Мама лежала в третьем корпусе, и из окна палаты всегда могла видеть окна нашей квартиры. Однажды, когда я принес маме передачу - бутылку молока и несколько баранок, она сама вышла в скверик. И спросила озабоченно:
- Где ты бываешь после десяти? Или ты так рано ложишься спать?
Я опустил голову.
- Что с тобой, сын? Ты похудел… Много куришь или плохо питаешься?
Потом мама рассказала мне свой сон. Как будто Шурочку муж прогнал из дома, и она вся в слезах стала проситься к нам. Мать пожалела ее, оставила у себя, а когда Шурочка разделась, чтобы лечь спать, то мама заметила, что вся кожа у гостьи покрыта гнойными прыщами.
Рассказывая, мама внимательно следила за моим лицом, и я невольно покраснел. Неужели она о чем-то догадывается?.. Я знал, что неизбежно наступит день, когда мама обо всем узнает. Но жизнь рассудила иначе - мама так никогда и не узнала правды. Выйдя из больницы, она взяла отпуск без сохранения содержания и уехала к сестре Насте в Киев подлечиться, набраться сил.
А Юрка?.. Он или действительно ничего не замечал, или только делал вид, что не замечает. Во всяком случае, он ни о чем не спрашивал, и я был этому рад, потому что, если б он стал расспрашивать, я бы все равно не смог сказать ему ничего толкового. Многое в наших отношениях казалось мне неожиданно обидным и странным. Когда я приходил, Шурочка никогда не зажигала света. Лицо ее я видел только при лунном свете. Не было у нас ни откровенных разговоров, ни признаний, ни рассказов о себе. Спустя месяц я знал о ней почти столько же, как после первой встречи. И я думал: "Неужели это все? Не может быть". Почему-то во мне жило убеждение, что в любви должно быть еще что-то. Иногда во время работы выпадала свободная минута, я подходил к заграждению, и с вершины элеватора открывались дали: в голубом тумане Увек, мост через Волгу, трубы крекинг-завода. Приходили хорошие спокойные мысли о будущем, словно не было на свете проклятого Гитлера, как будто не было в помине зловещей карты в окне Дома книги. И обязательно в моих планах присутствовала Шурочка.
Но эти свободные минуты выпадали редко. Чаще приходилось работать так, что некогда было утереть пот со лба, а десятник суетился на рабочей площадке и поторапливал простуженным голосом:
- Давай-давай, ребята!
И почти к каждому слову прибавлял мат. Мне такое обращение не нравилось, и я сказал ему об этом. Десятник вытаращил на меня глаза:
- Хоть бы когда обидел?! Всегда по-хорошему…
Между собой мы звали его "Давай-давай" и всерьез на него не обижались.
Это был маленький человечек с узкой суетливой мордочкой, вечно небритый, вечно в одном и том же грязном комбинезоне. "Давай-давай" где-то когда-то учился и недоучился, имел кое-какой опыт, но элеватор, да еще таким, как он выражался, "чумурудным" методом строил впервые. К методу этому он относился подозрительно, и, как я заметил, его все время угнетало одно и то же опасение:
- А вдруг стены пойдут вкось? Как тогда их выправишь?

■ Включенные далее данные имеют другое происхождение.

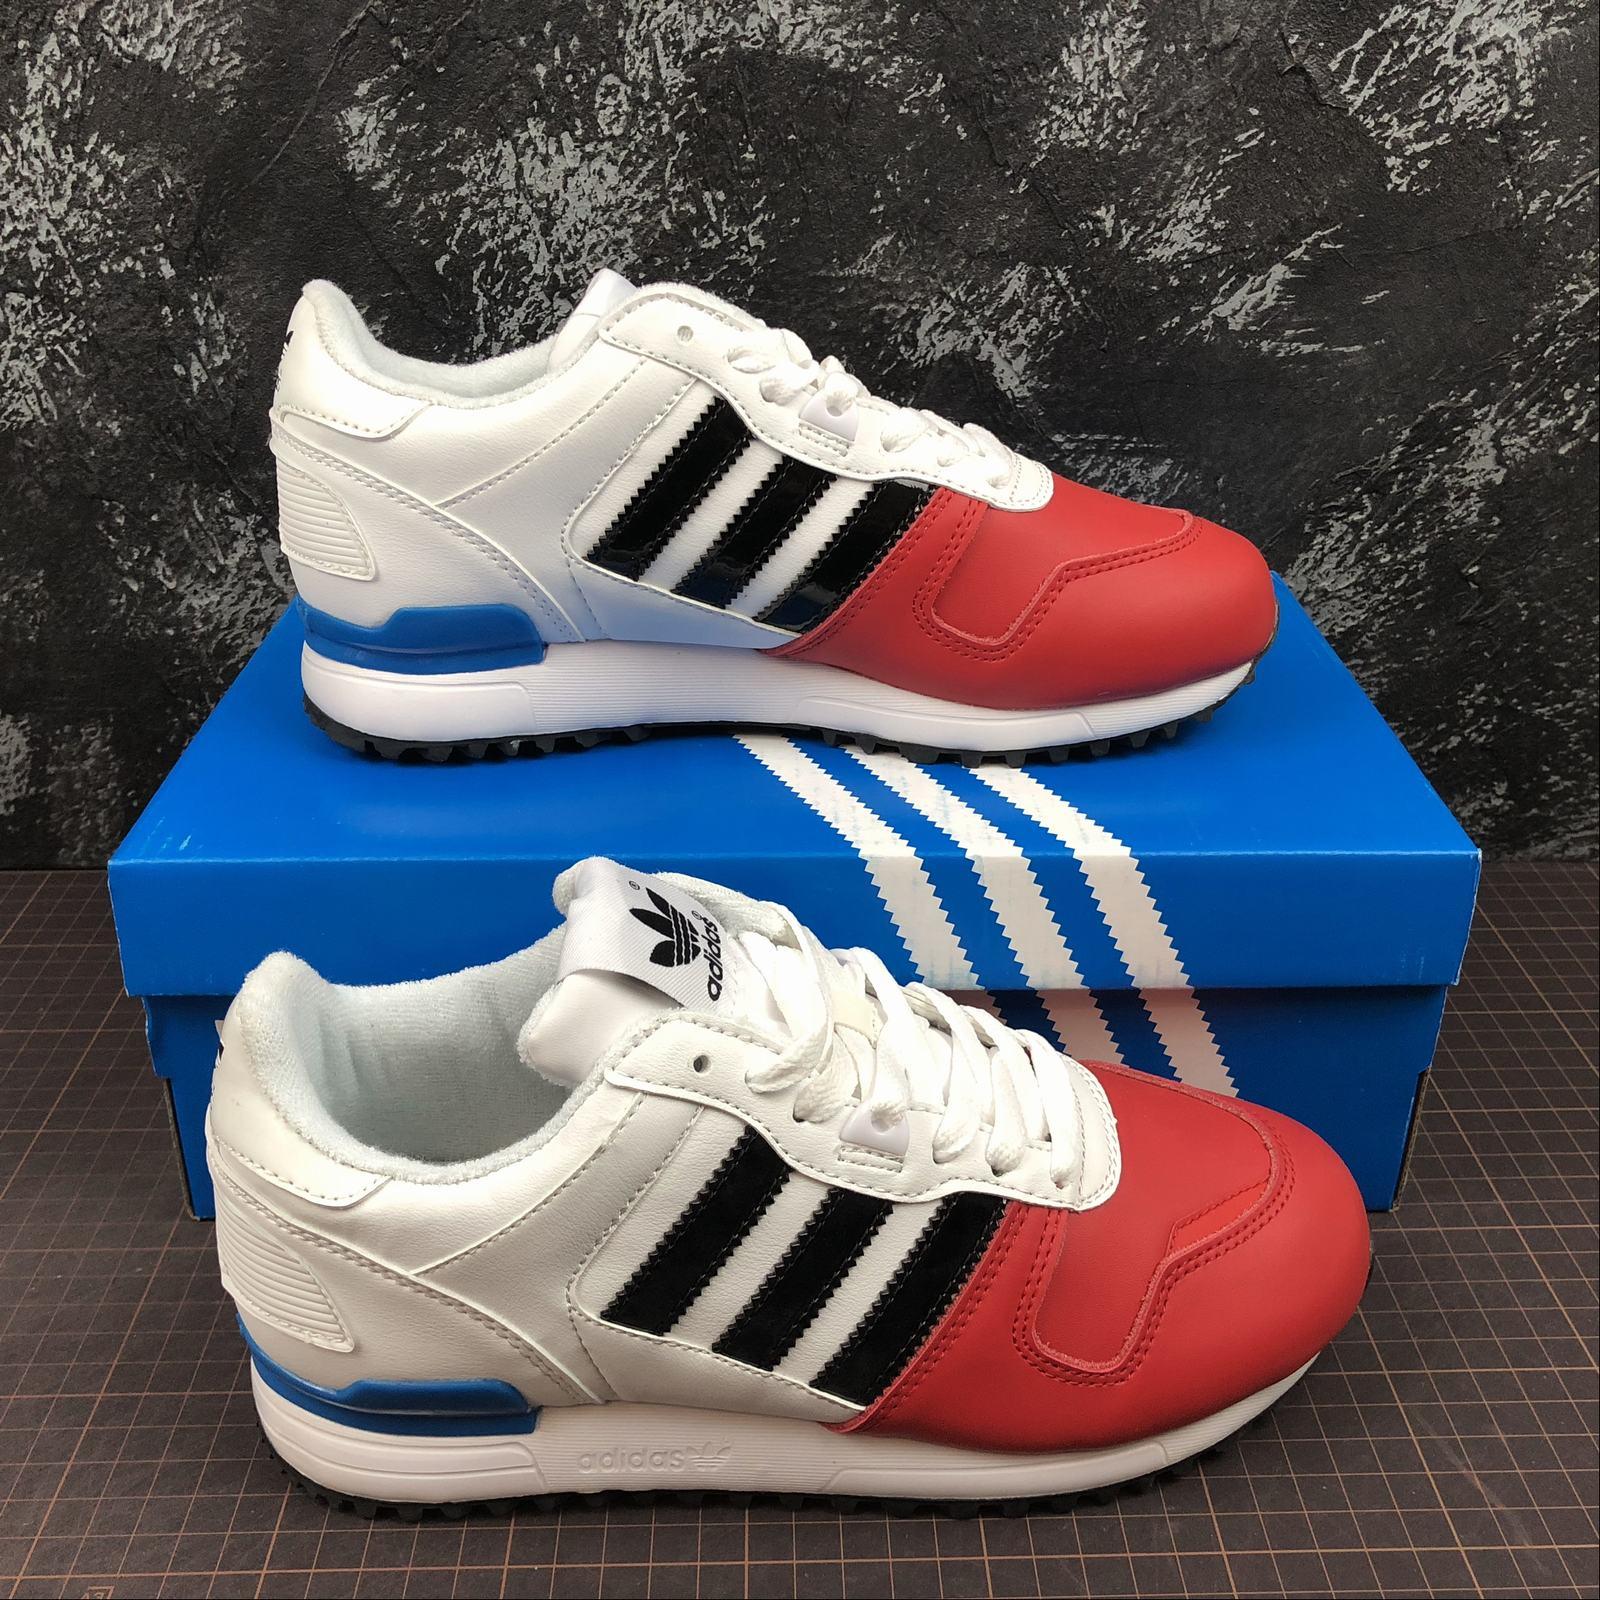 giay-sneaker-adidas-zx700-aq5316

Действительно, выправить их не представлялось возможным. Пришлось бы ломать рабочую площадку и начинать все сначала.
"Давай-давай" бегал, кричал, ругался, а иногда подсаживался покурить с нами и говорил заискивающим голосом:
- Вы уж, ребятки, старайтесь, чтобы все как полагается. А то ведь в случае чего меня прямо к стенке и поставят…
- А прораб? - возражали мы. - Он в первую очередь отвечает.
- Прораб с высшим образованием, выкрутится как-нибудь, а меня шлепнут.
Но страхи его были напрасны - стены элеватора поднимались строго вертикально, а сам "Давай-давай" погиб весьма нелепо: оступился и загремел вниз с шестого этажа… Мы ходили смотреть - он лежал ничком на сырых осколках кирпича в такой позе, как будто все еще куда-то бежал. Вокруг него белели бумажки, которые он в момент падения держал в руках: какие-то требования, фактуры, расписки, накладные. Пришел прораб, полный самоуверенный мужчина, собрал всю эту чепуху, а нам буркнул сердито:
- Ну, что уставились? Идите на свои места. Я уже позвонил, куда надо. Если нужно - допросят.
Шурочка со мной наедине была одна, на улице - другая, на стройке - опять не такая. В ней все время оставалось что-то отчужденное. Чередование ее влюбленности и холодности я мог еще как-то объяснить, но вместе с тем я догадывался, что ни работа, ни свидания со мной не занимают ее всю. Иногда она называла меня ласковыми именами, которые придумывала в минуты нежности, но ни разу не сказала, что любит меня.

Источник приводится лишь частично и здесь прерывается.